I'm creating this new ticket to more accurately represent the work involved in this. (We had been using #1551 as a placeholder for this job.) This plan probably needs some work.

The great advantage in doing this is that SayIt, when embedded in Pombola, and the rest of Pombola's code would use to the same Person objects. This would remove complex layers of indirection and state, and be a good step in reducing the complexity of maintaining the Pombola ZA scrapers. It's also a good move in terms of code reuse and moving Pombola to be more like a collection of components.

  • Subclass the django-popolo models (multi-table inheritance) and add any missing fields which were in the Pombola core models.
  • Write migrations to migrate data from the core Pombola models to the new django-popolo models.
  • Migrate any other models that refer to the core Pombola models either through ForeignKey or GenericForeignKey
  • Make any use of the original Pombola core models an error (e.g. by replacing the Person class with class Person: pass
  • Update the models that Elasticsearch is indexing (via Haystack) to point to the new models
  • Update all code that uses the original models until the tests pass
  • Update all the rest of the code that uses the original models but isn't covered by tests (adding tests at the time if possible)
  • Update Pombola ZA's SayIt integration to eliminate the SASpeakerRedirectView and the linking of people between saying and Pombola via PopIt IDs (see ZA: improve linking between SayIt speakers and Pombola persons #1551 )
  • Drop the tables with the old core Pombola models
  • 🍸 🍷 🎆
@davea
Copy link
Member

davea commented Feb 2, 2015

A summary of the progress so far (in 1594-django-popolo-migration):

  • Fields required by Pombola and not provided by django-popolo have been identified
  • Subclasses of popolo.models.{Organization,Person,Post} have been created as pombola.core.Popolo{Organization,Person,Post} with the missing fields added.
  • core.Organisation.name needed 200 chars but popolo.Organization.name is defined with 128 max_length, and you can't redefine fields in model subclasses so we're using our own fork of django-popolo with max_length set to 4000 for a few fields.
  • A WIP migration has been created that so far migrates the 'simple' fields for Organisations along with the Contact relations (which are migrated to popolo's ContactDetail model).

I have been keeping some notes whilst working through the process.

@davea
Copy link
Member

davea commented Feb 2, 2015

@dracos points out that mysociety/sayit@46b4dc8 might be handy, too.

mhl added a commit that referenced this issue Feb 2, 2015
…kers

We have changed the form of IDs in the South African PopIt instance
several times, but without removing the entries corresponding to old
PopIt IDs from the popit-django popit_person table.
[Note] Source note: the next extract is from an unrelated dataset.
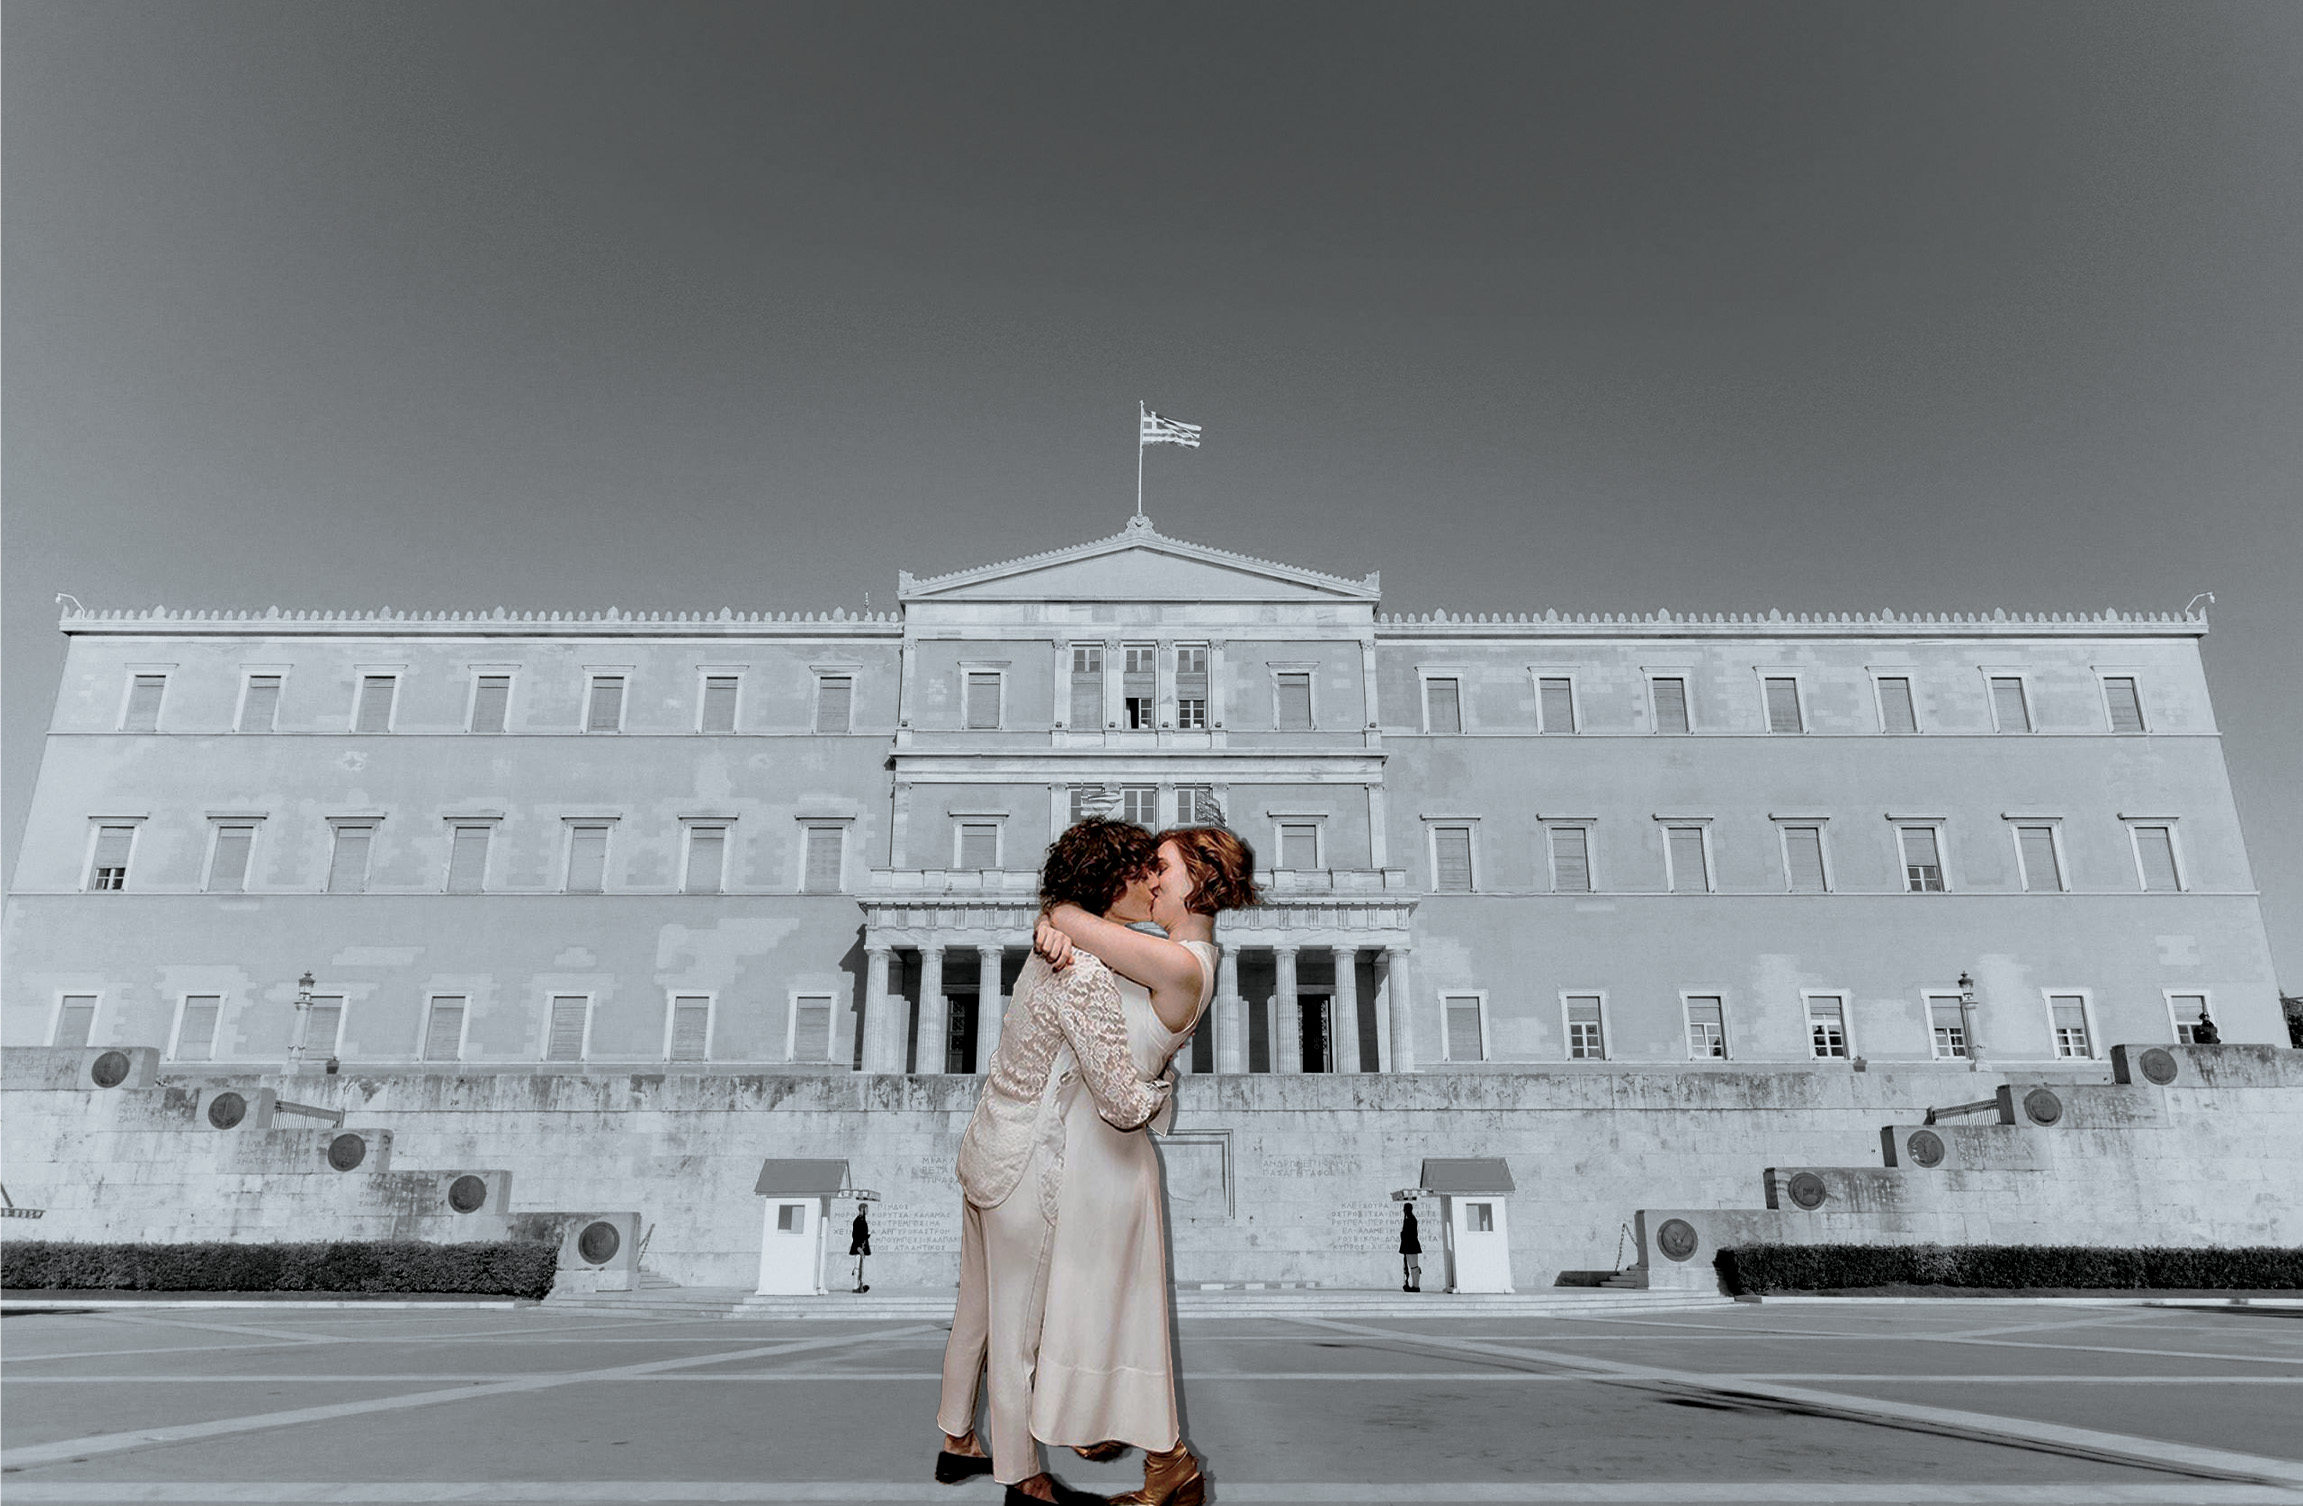 νομοσχέδιο για την ισότητα στον γάμο

This meant that the
name resolution on importing new committee proceedings could associate
the speeches with various SayIt speakers corresponding to different
entries in that table.

This commit introduces a script to hopefully clean up that mess; it
tries to remove any row with an deprecated format ID from the
popit_person table, safely removing any SayIt Speaker associated with
that row.

This should fix #1597 and hopefully #1601.

The underlying issue (that Pombola ZA stores the identity of people in
five different places) is being addressed by #1594.
mhl added a commit that referenced this issue Feb 2, 2015
…kers

We have changed the form of IDs in the South African PopIt instance
several times, but without removing the entries corresponding to old
PopIt IDs from the popit-django popit_person table. This meant that the
name resolution on importing new committee proceedings could associate
the speeches with various SayIt speakers corresponding to different
entries in that table.

This commit introduces a script to hopefully clean up that mess; it
tries to remove any row with an deprecated format ID from the
popit_person table, safely removing any SayIt Speaker or EntityName
associated with that row. It also removes any rows from this table that
can't be associated with any Pombola core Person any more, so long as
they are not referenced any more.

This should fix #1597 and hopefully #1601.

The underlying issue (that Pombola ZA stores the identity of people in
five different places) is being addressed by #1594.
mhl added a commit that referenced this issue Feb 2, 2015
…kers

We have changed the form of IDs in the South African PopIt instance
several times, but without removing the entries corresponding to old
PopIt IDs from the popit-django popit_person table. This meant that the
name resolution on importing new committee proceedings could associate
the speeches with various SayIt speakers corresponding to different
entries in that table.

This commit introduces a script to hopefully clean up that mess; it
tries to remove any row with an deprecated format ID from the
popit_person table, safely removing any SayIt Speaker or EntityName
associated with that row. It also removes any rows from this table that
can't be associated with any Pombola core Person any more, so long as
they are not referenced any more.

This should fix #1597 and hopefully #1601.

The underlying issue (that Pombola ZA stores the identity of people in
five different places) is being addressed by #1594.
@mhl mhl self-assigned this Aug 4, 2015
@mhl
Copy link
Contributor Author

mhl commented Aug 10, 2015

@duncanparkes and I have done some more work on the data migration, adding migrations for the rest of Person's relationships as well as Position, Organisation, Identifier, and AlternativePersonName.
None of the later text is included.